Het nest lijkt op dat van een merel, best een groot nest, met een diepe kom, voor zo'n kleintje. De eieren hoop ik ook nog een keer te zien, die zijn diep rood en kennen we bij onze van oorsprong inheemse soorten amper. Met deze wetenschap(via internet) ga ik de komende weken op pad want ik wil nu wel eens weten waar en of hij met zijn gezang een vrouwtje in zijn territorium heeft verborgen. Ik weet dat de cetti's zijn nest vlak boven de grond in dicht struikgewas maakt, braamstruiken, schietwilgen en riet zijn de plekken waar de cetti's van houdt. Eind april moet het dan gebeuren en worden de eerste eitjes gelegd en tel daar de broedtijd bij op dan komen de jongen half mei uit en zijn de ouders zeer actief met voedsel zoeken.
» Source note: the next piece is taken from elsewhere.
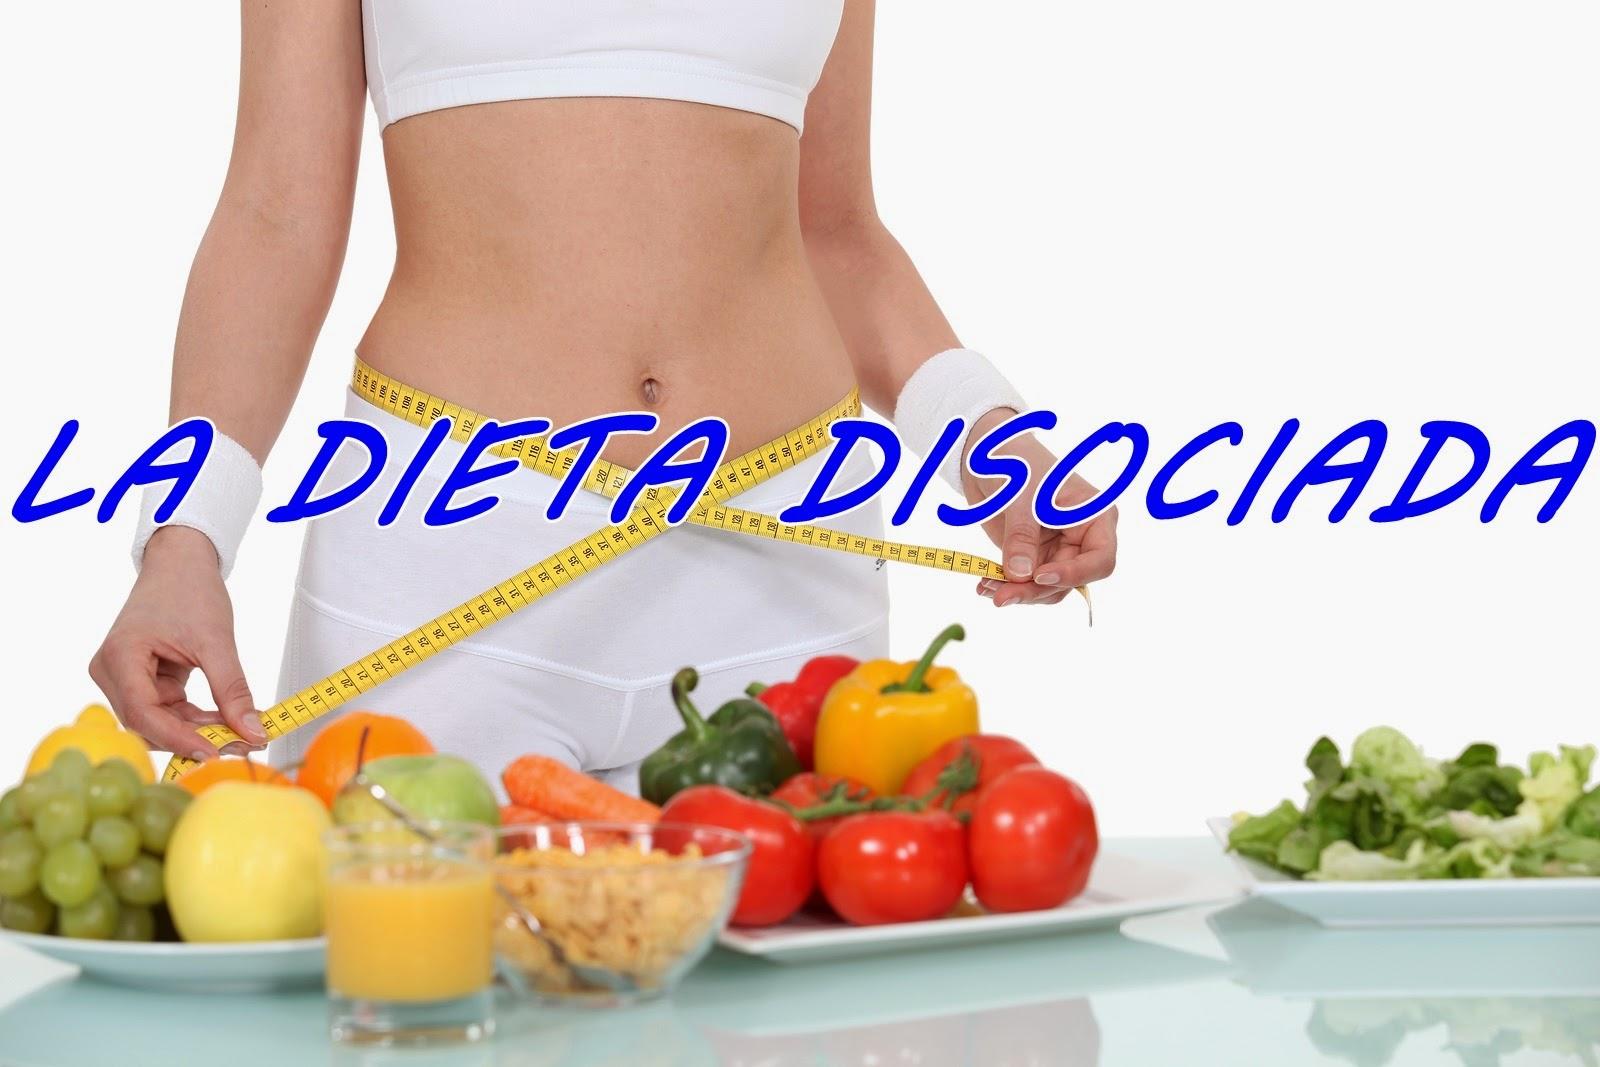 tabla dieta disociada pdf para imprimir gratis
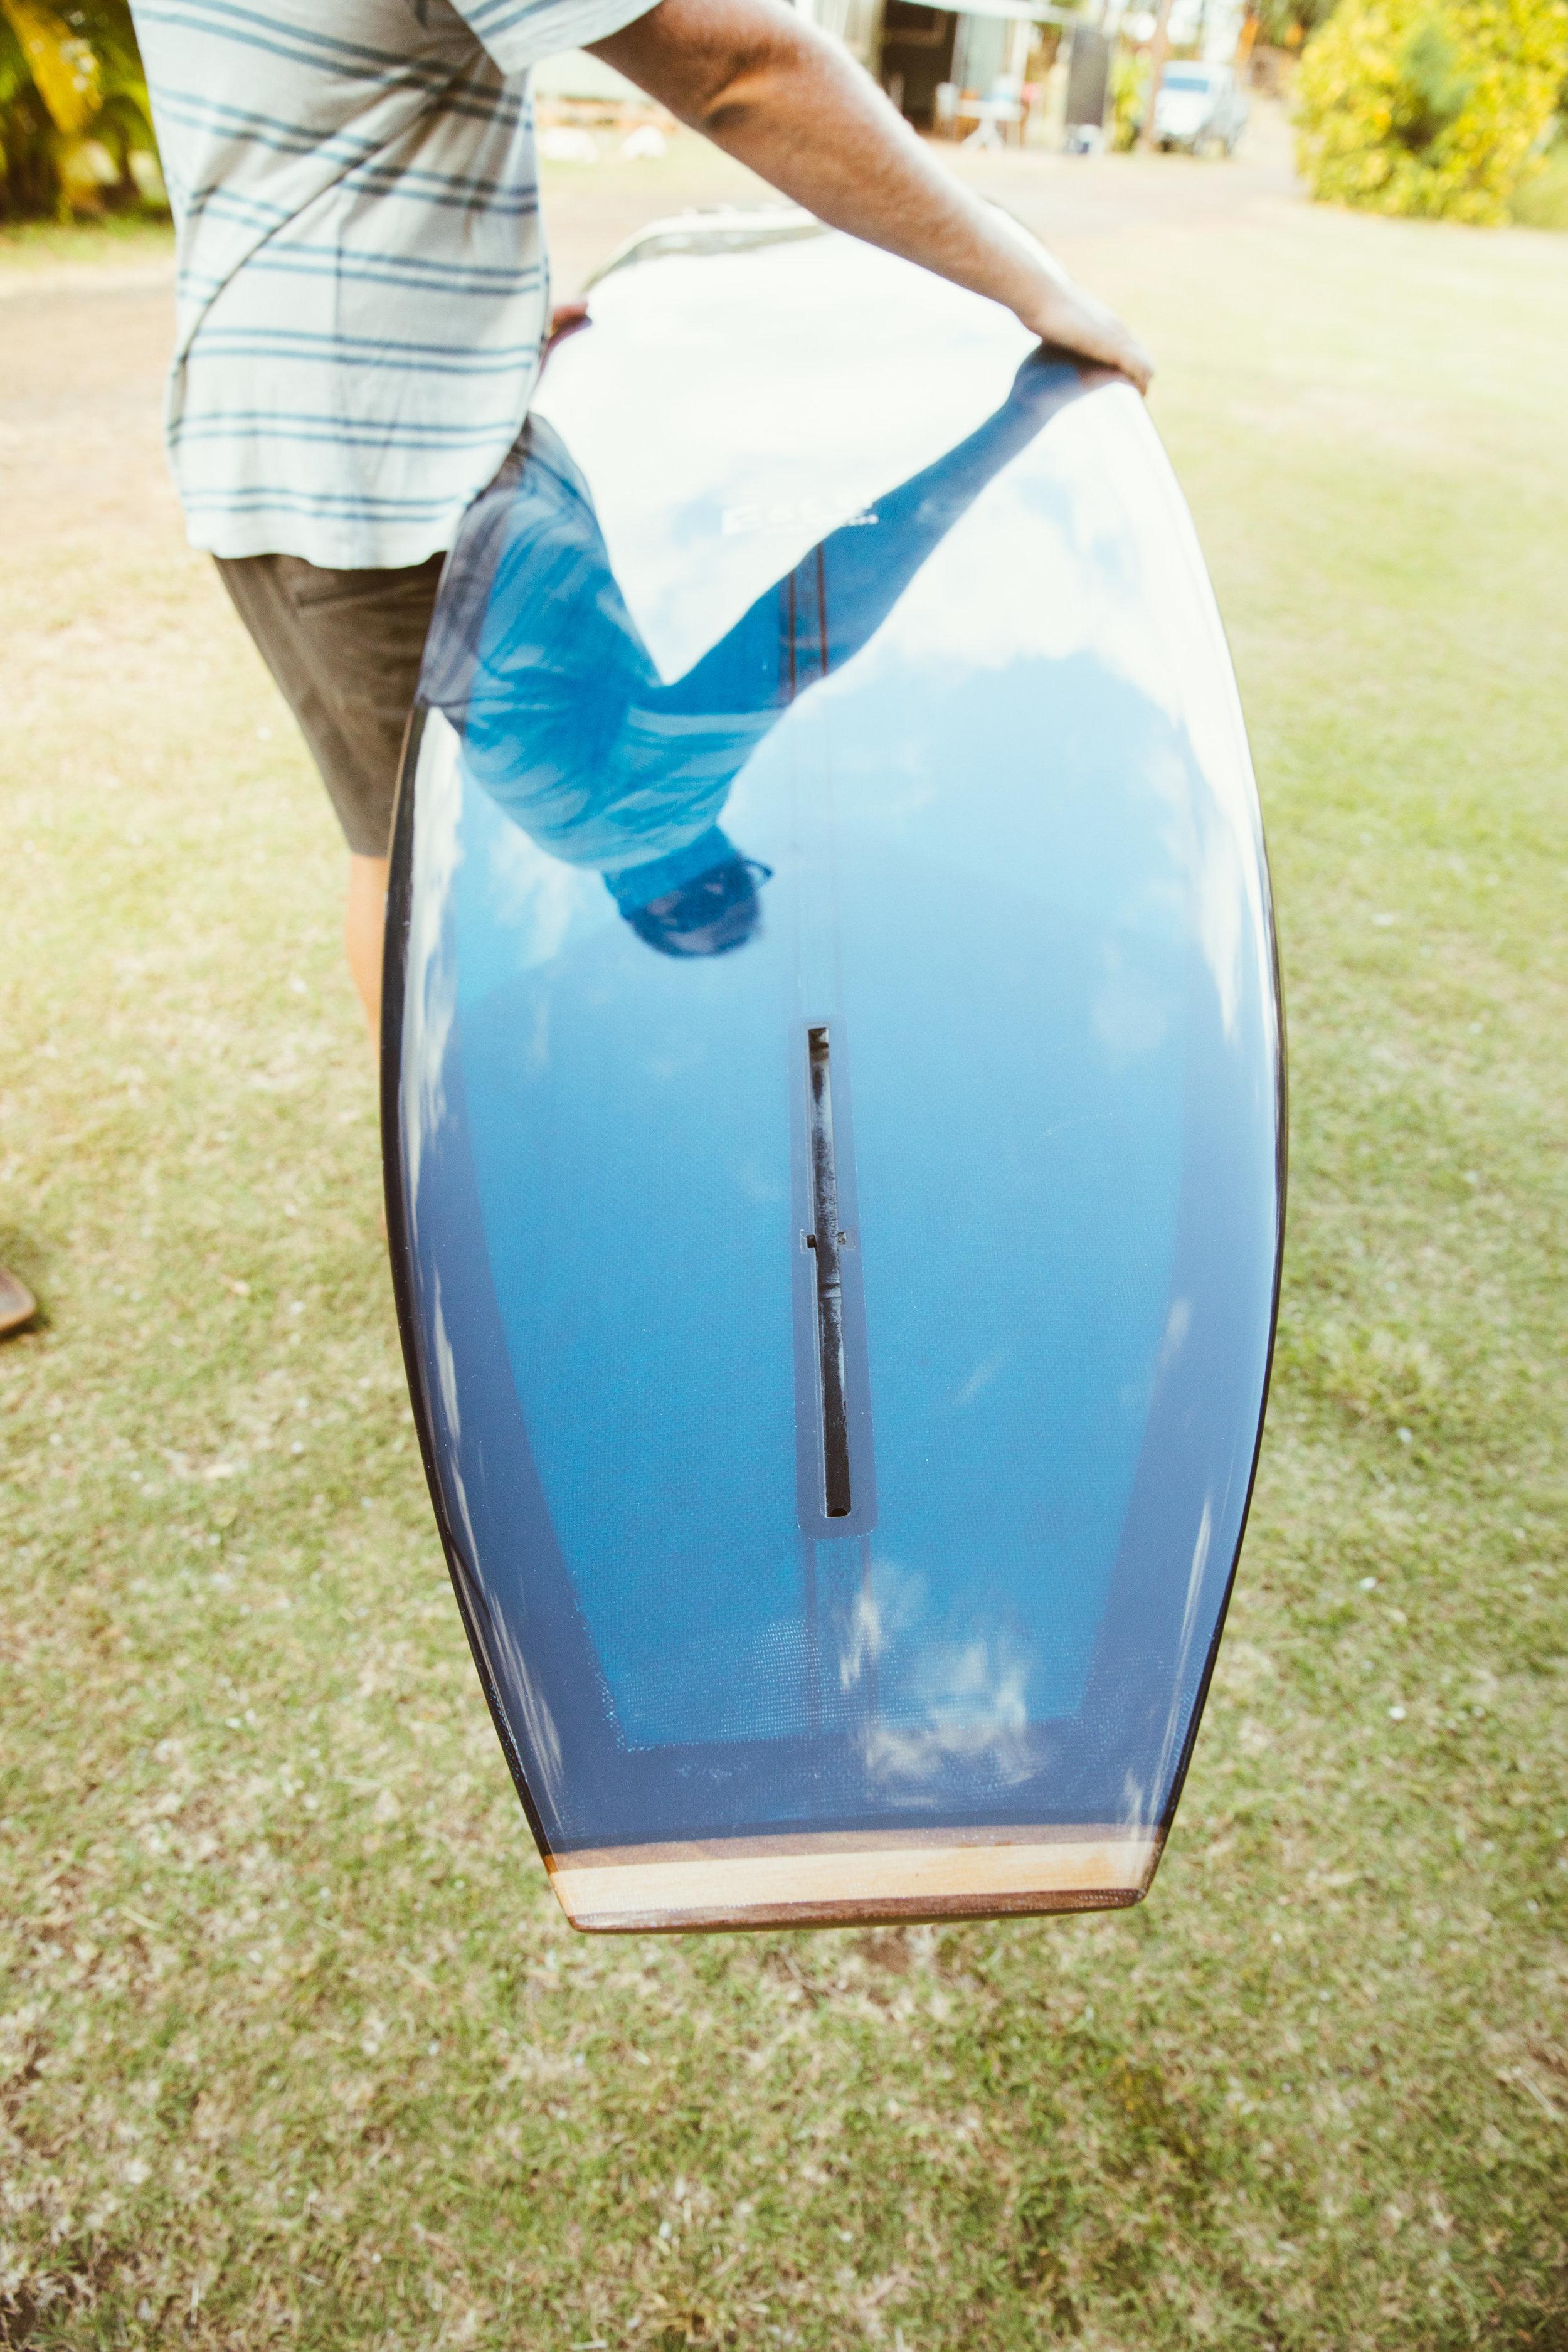 bryce johnson-photography-ebert surfboards-kauai-34.jpg

Het moment om te zoeken en hopelijk te vinden.

Wil je meer weten van deze bijzondere schreeuwlelijk, klik dan op de link;
https://www.vogelbescherming.nl/ontdek-vogels/kennis-over-vogels/vogelgids/vogel/cetti-s-zanger


*FEENSTRA M. 2020. Een broedgeval van Cetti’s Zanger (Cettia cetti) van nabij gevolgd en enkele aanwijzingen voor het lokaliseren van nesten. Sovon.nl/soortinformatie/cetti’s zanger

dinsdag 17 maart 2020

Knobbels gecrasht.

gezin knobbels afgelopen jaar in de Oranjepolder
Afgelopen week zag ik een dode knobbel-zwaan in een weiland liggen, jammer voor de vogel maar dat gebeurt nu eenmaal. Op zich is dat geen nieuws want dieren gaan ook dood. Afgelopen zondag kwamen daar nog eens twee andere dode zwanen bij en toen dacht ik, hier klopt iets niet. Vlak bij elkaar drie dode zwanen in een gebied waar niet heel erg veel zwanen leven, is toch gek.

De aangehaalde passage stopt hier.